When using a profiler to look into your programs, sometimes it feels like looking behind the stage of magician and suddenly grasping the trick behind the magic… Quite recently, I had an application in front of me, which demanded surprisingly much CPU time. In a nutshell, this application has some heavy computational operations in its core and (primarily) produces a rectangular 2D output image, which is rendered by QPainter to display the results. This output is updated once every few milliseconds and is embedded inside a QtQuick window. The handover of the rendered QImage is done by a harmless looking Q_PROPERTY.
So, I wondered: How big can the impact of handing over a QImage to the QSG renderer be? In particular — as we all know — copying a big chunk of memory is a CPU expensive operation which should be avoided if possible. For getting proper profiling results, I created a simple test application. This application just creates a QtQuick scene with a QQuickPaintedItem derived render object, which updates its output every millisecond (thus renders whenever the render-loop iterates). I use a big output rectangle of 640×640, because I want to focus on the memory copying effect, which is more obvious with bigger outputs.

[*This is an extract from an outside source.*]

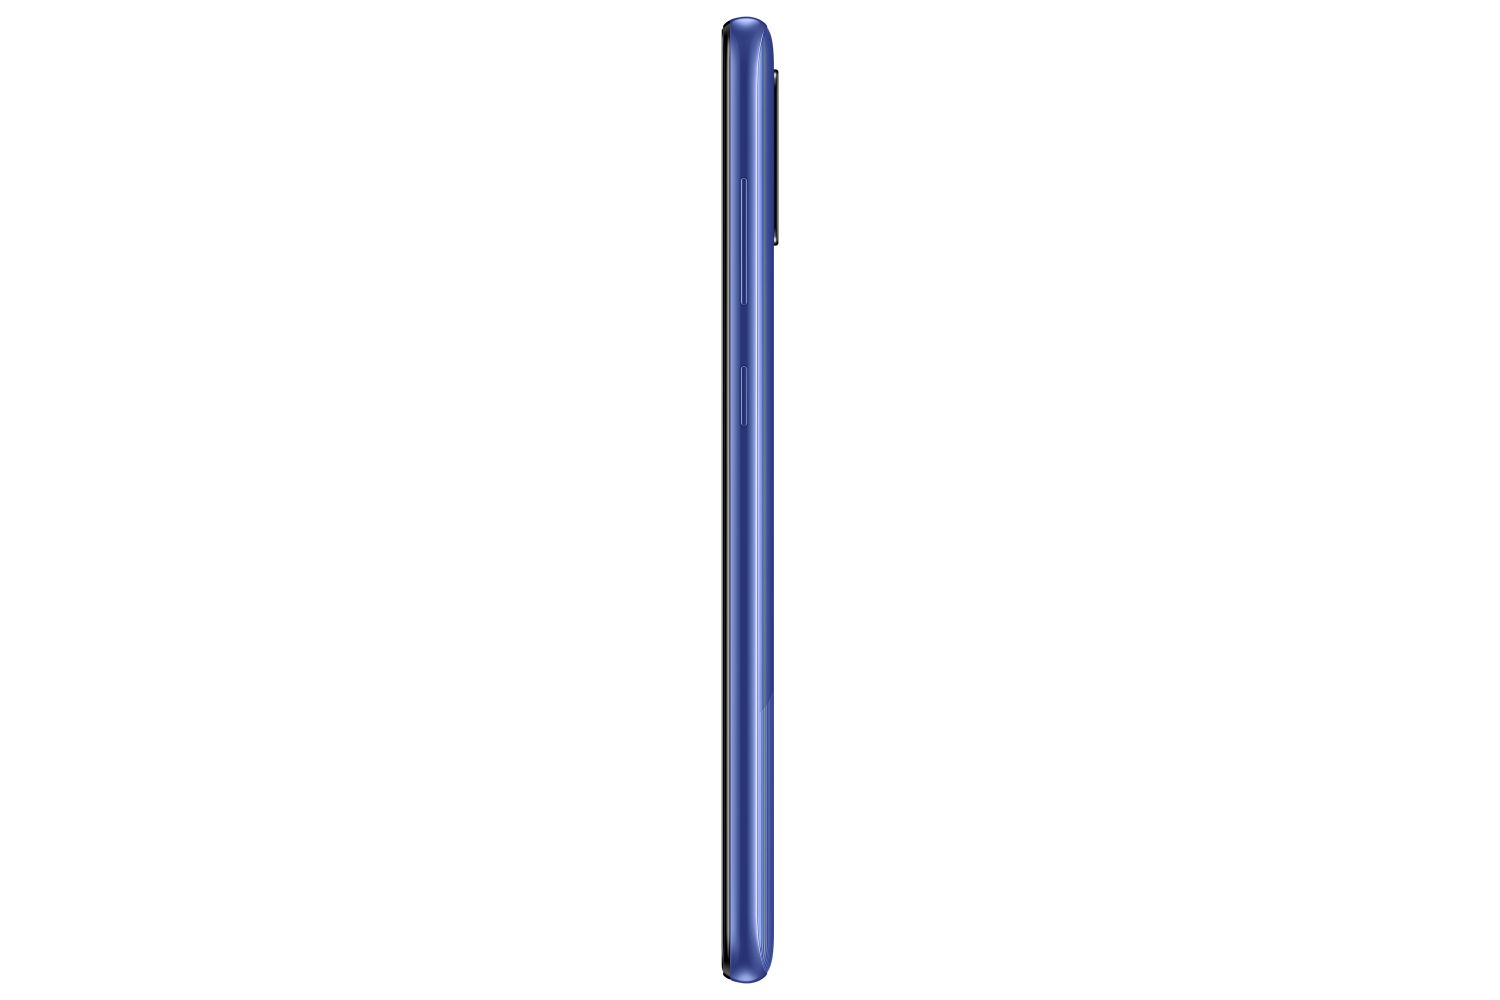 Samsung Galaxy M21 64gb Blue Sm

QQuickPaintedItem::Image as render target for the QQuickPaintedItem object, on my computer I can see a quite constant 30% CPU usage (one core) and the following flamegraph when looking into the process with Perf (
sudo perf record --call-graph dwarf -p $(pidof qmlwithqpainter-experiment) -o perf-qimage.data) and visualizing the result with Hotspot:
Actually, this change is to be expected! We get rid of a quite expensive copy operation that has to be done on every image update. Let’s look into the QQuickPaintedItem documentation for confirmation:
When the render target is a QImage, QPainter first renders into the image then the content is uploaded to the texture. When a QOpenGLFramebufferObject is used, QPainter paints directly onto the texture.
So, what is the story I want to tell? — When facing performance problems inside an application, one can only guess until looking at the problem with a decent profiler (and Perf + Hotspot is an excellent combination for that!). And even then, you have to think about what your application is doing when much of CPU time is lost and ponder whether there are better code paths for your specific situations. In my example, the output still looks the same after the change, but note that I lost all of the fancy anti-aliasing of QImage and now resizing the output became a much more expensive operation.
Hence, for my scenario this change made sense, because the CPU usage drops from 30% to 11% and I do not need to support resizing operations. For other scenarios, this might be different.